Supplied material »
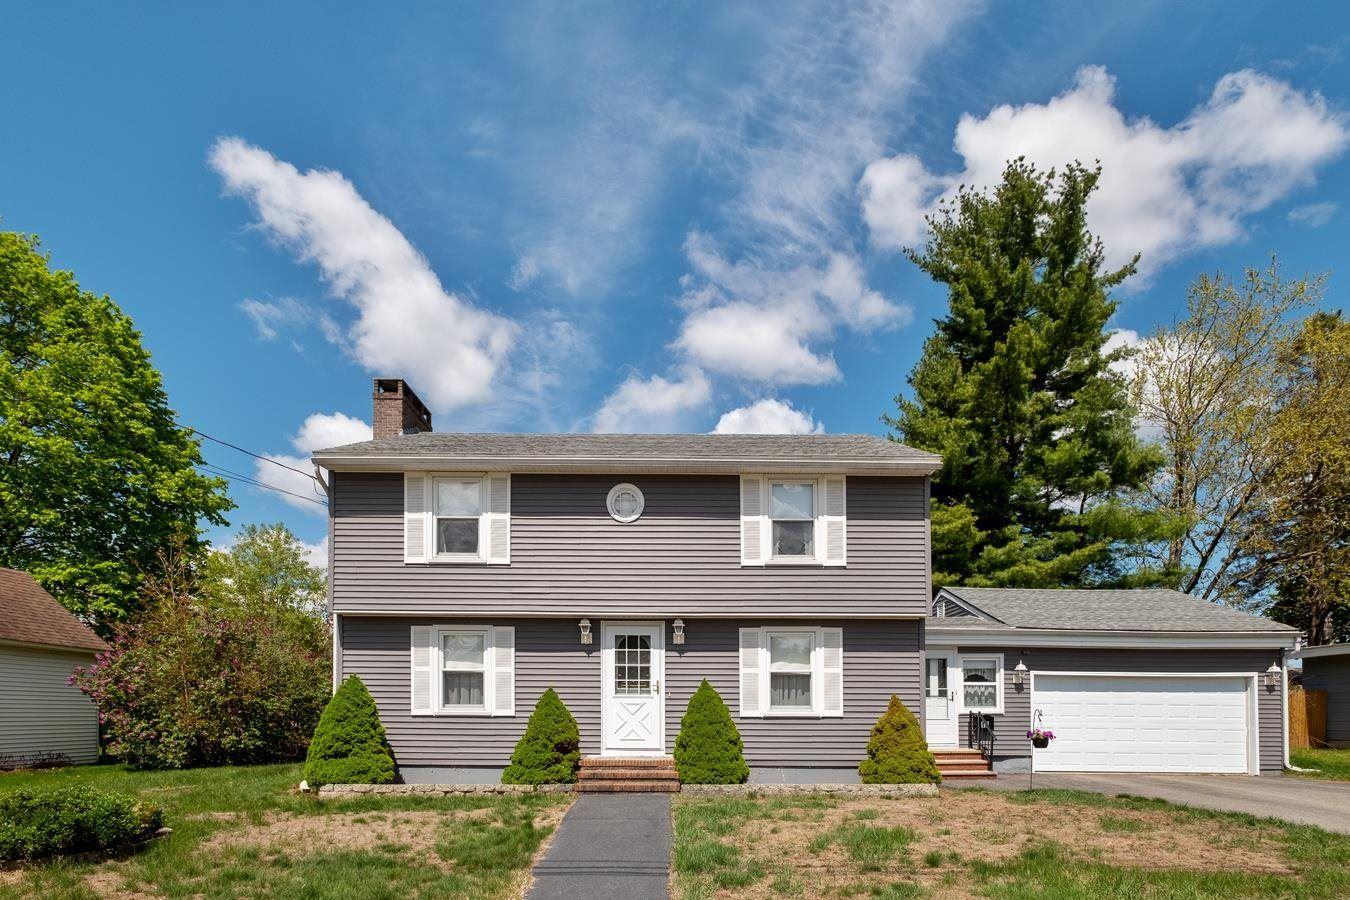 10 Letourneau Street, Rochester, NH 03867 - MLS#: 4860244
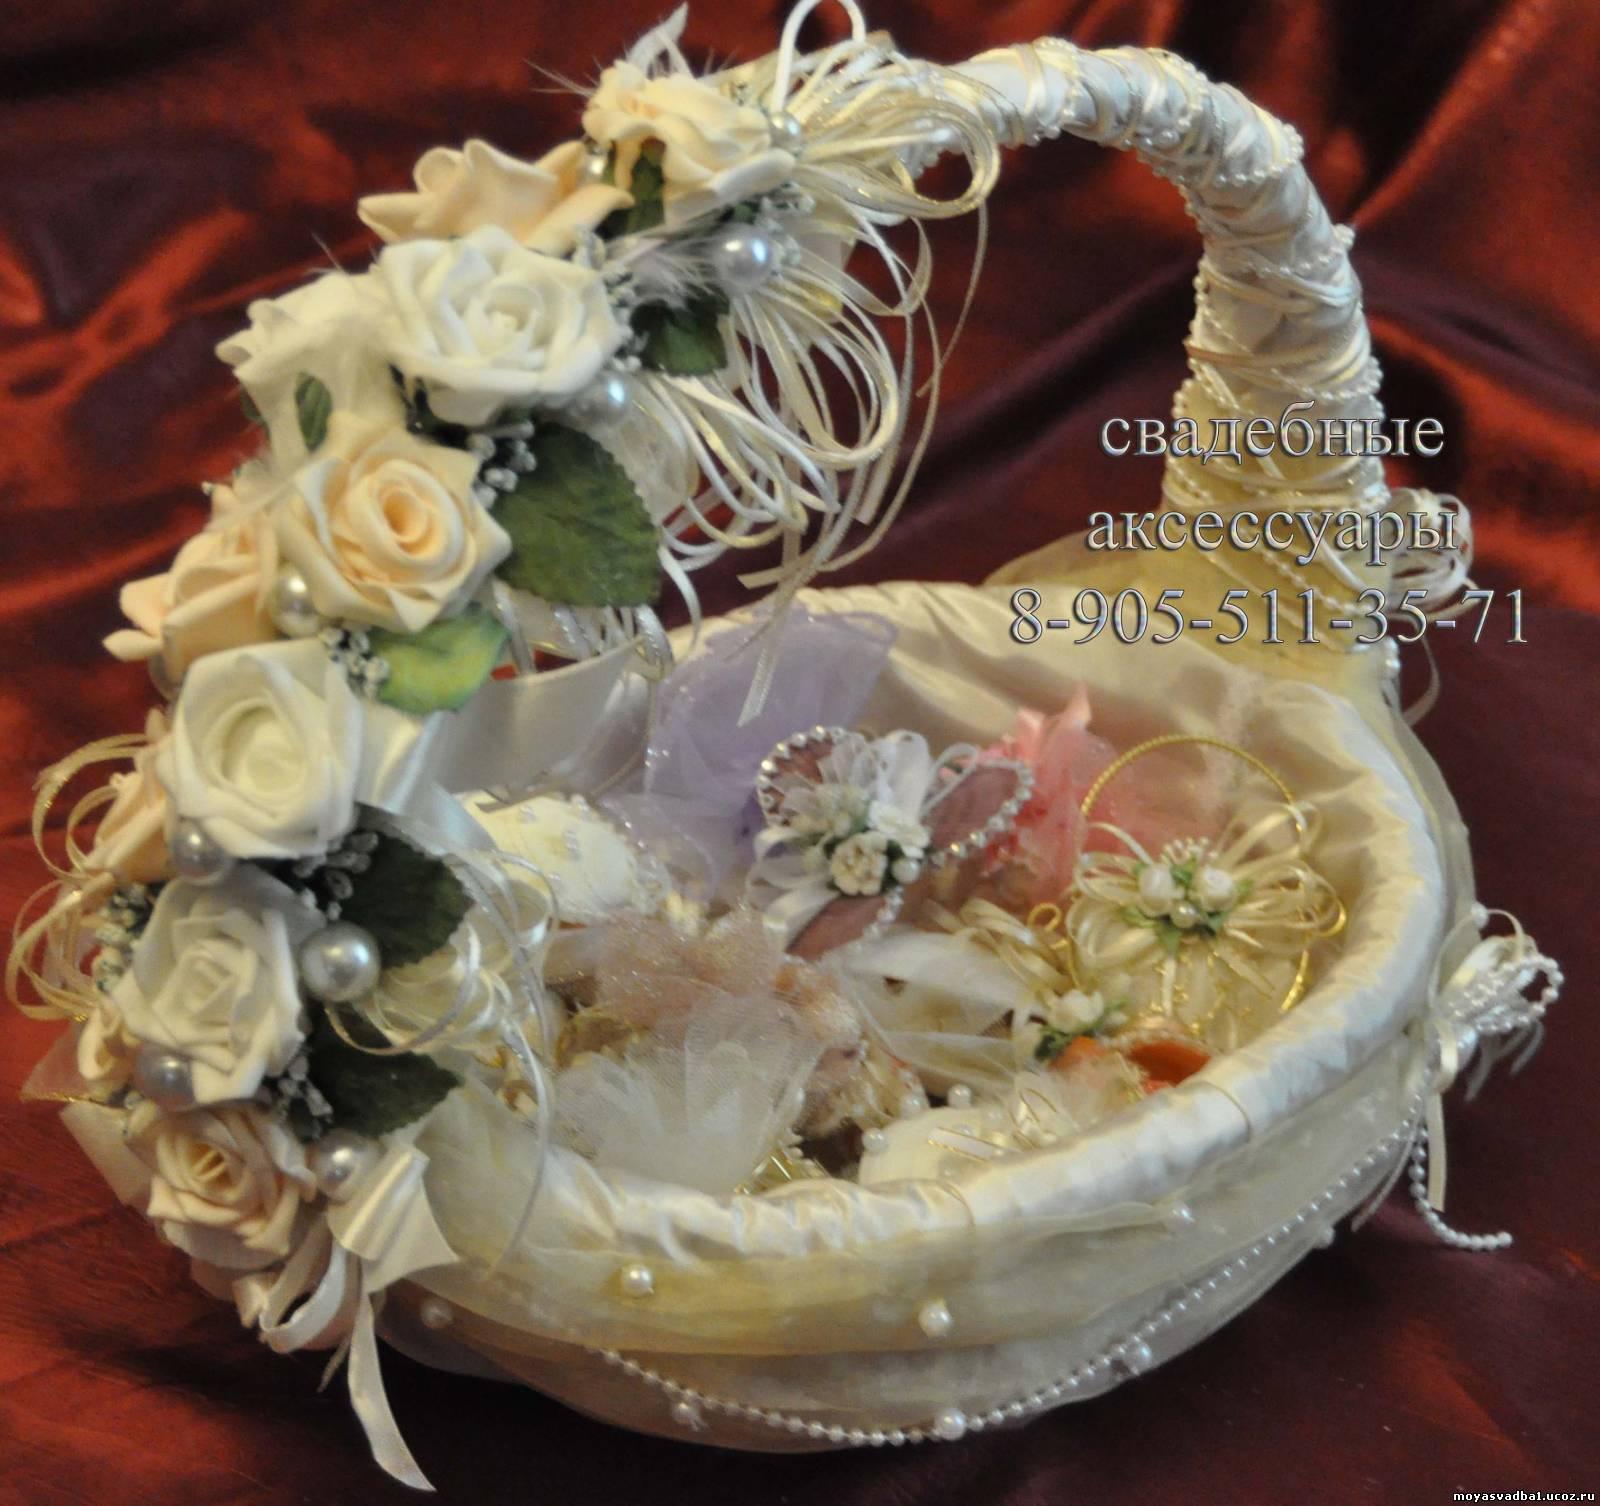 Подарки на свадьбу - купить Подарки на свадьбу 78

* * *

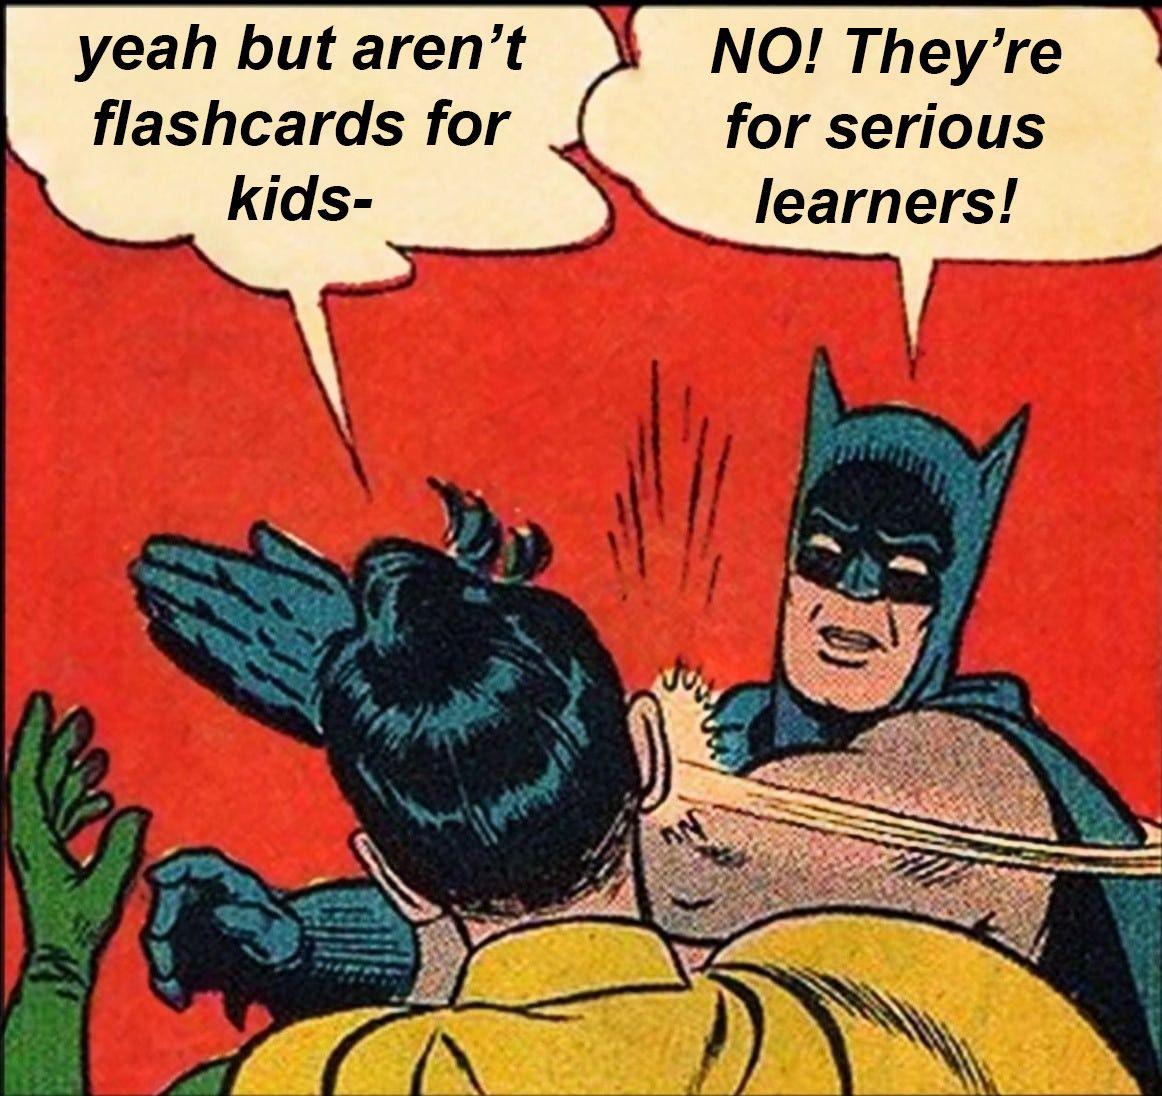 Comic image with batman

Goal of the exercise » Make an exact copy of the lines above, beginning with the line with "10 Letourneau Street, Rochester, NH" and ending with the line with "Подарки на свадьбу - купить", and keep the pictures out of it.

Response for this exercise »
 10 Letourneau Street, Rochester, NH 03867 - MLS#: 4860244
 Подарки на свадьбу - купить Подарки на свадьбу 78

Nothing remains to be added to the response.